I wanted to scream and run, escape this feeling of confusion and terror, but I stayed stuck, lying on my bed, looking at the two strangers I knew were my parents.
“Do you remember anything from the accident?” my mom inquired, placing a strand of my hair behind my ear gently as if I was a little girl.
The accident? What was she talking about? What accident?
Oh right. I was in the hospital. There must have been a reason for that.
God, my brain was working slowly.
“No. What happened to me? Why am I here?” Tears of terror finally escaped my eyes and my mom wiped them with her thumb as soon as they fell down my cheeks.
“Oh, Lacey, my baby. It’s okay. You’re okay now.”
My eyes fell to her hand taking mine and I noticed I had needles in it, with tubes branching to my arm.

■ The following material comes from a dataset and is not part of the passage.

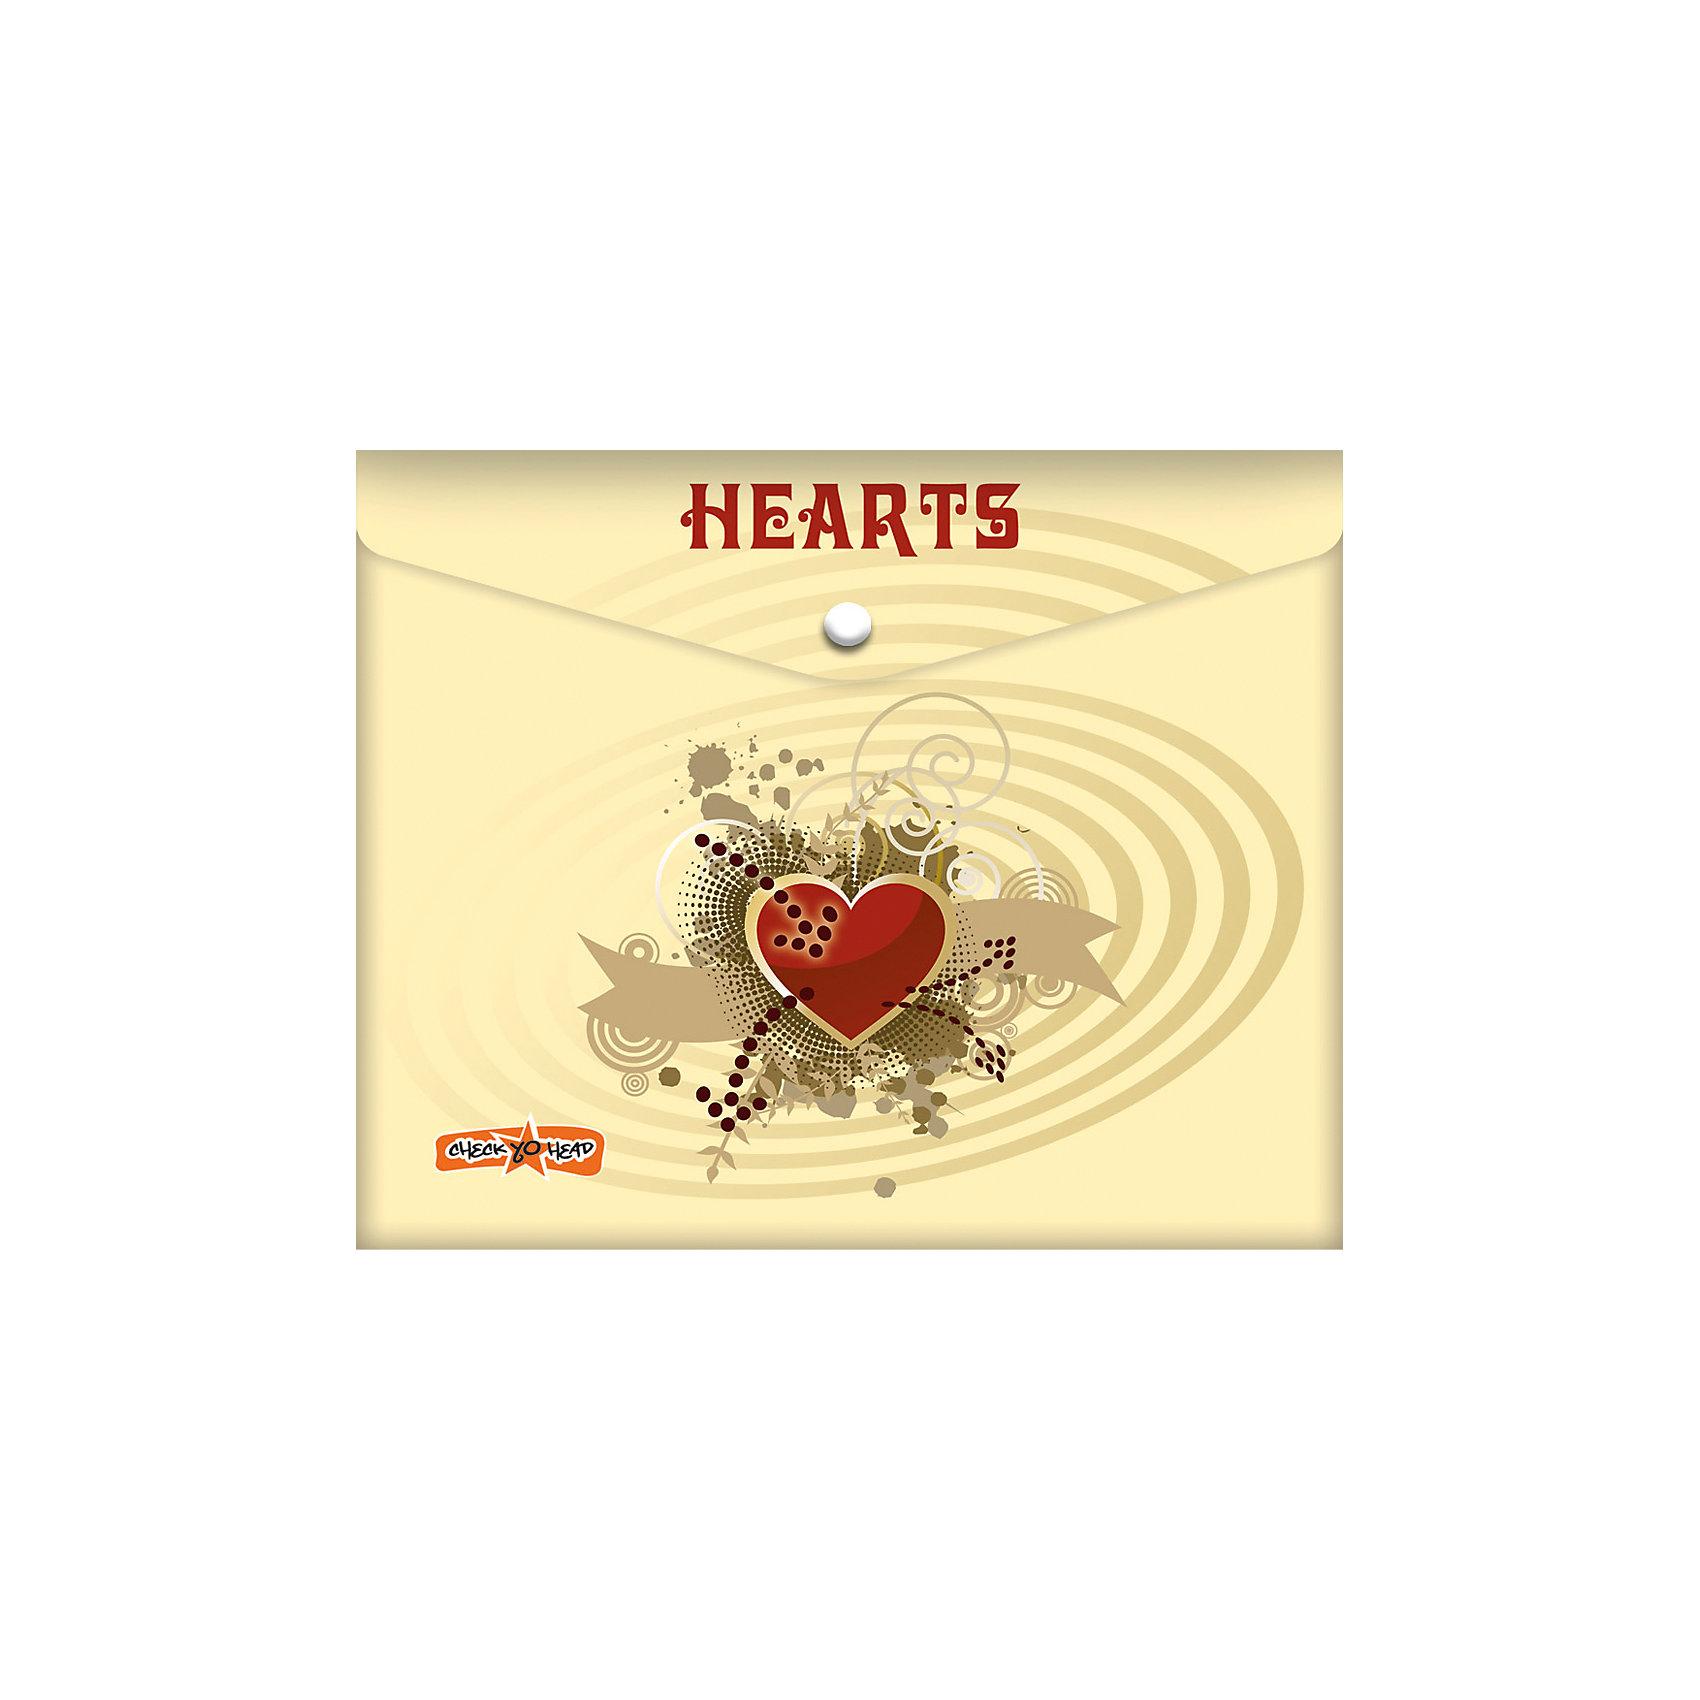 Папка-конверт под российскую тетрадь СердечкиПапка-конверт под российскую тетрадь Сердечки<br><br>Характеристики:<br><br>• Размер: 245х3х210мм<br>• Вес: 21г<br>• Толщина пластика: 180мкм<br>• Формат: А5+<br>• Крепление: на кнопке<br>• Материал: полипропилен<br><br>Красивый конверт с сердечками поможет переносить листы а4, а также любые тетради до размера А5+. Благодаря толстому пластику тетради надежно защищены от влаги или грязи. Папка закрывается на кнопку, которую легко расстегнуть самостоятельно и которая надежно удерживает тетради внутри.<br><br>Папка-конверт под российскую тетрадь Сердечки можно купить в нашем интернет-магазине.<br><br>Ширина мм: 245<br>Глубина мм: 3<br>Высота мм: 210<br>Вес г: 21<br>Возраст от месяцев: 48<br>Возраст до месяцев: 144<br>Пол: Женский<br>Возраст: Детский<br>SKU: 5390321

It was the most terrifying sight, so I looked away.
“You had an accident, kiddo,” my dad explained.
“Your car…smashed into another and you…” He looked up a little, surely to retain his tears. “You almost died but then the doctors managed to keep you alive and now… Now you’re awake and this is…a miracle.”
And then he started crying too and my heart was hurting and I wanted to scream again. He still felt like a stranger to me.
“I don’t remember anything…” I confessed with fear. “How long…how long have I been here?”
The two strangers—scratch that—my parents looked at each other for a second then back at me with a look, the oh, honey! look of pity you give to meaningless people.
“Kiddo, you’ve been in a coma for two months.”
The air felt like it was sucked out of my lungs for a second as I stared at my father in shock. Two months. No. This was impossible. I couldn’t have slept for two months, could I?
“The doctor said…he said you thought you were sixteen…” my mom started, sounding a little unsure.
“Yeah…” I trailed on.
“Honey, you’re eighteen. Remember your birthday party with all your friends? Derek bought you the diamond earrings and a beautiful necklace and took you to dinner. Remember?”
Derek? Who in the hell was Derek? And what was that crazy talk about me being eighteen?
Two months plus sixteen didn’t equal eighteen! What in the world was going on? Oh God. I felt so tired all of a sudden. I just wanted to drift into sleep, where nothing mattered and my mind couldn’t play tricks on me.
Oh confusion, I don’t want you in here!
“I’m tired,” I whispered, feeling my eyelids getting too heavy for me to even pretend anymore.
“Oh, of course, honey, we’ll let you sleep. We can talk about it later. I love you so much sweetie.” My mum sniffed.
I closed my eyes and fell back into sleep, finally stopping my brain from overload.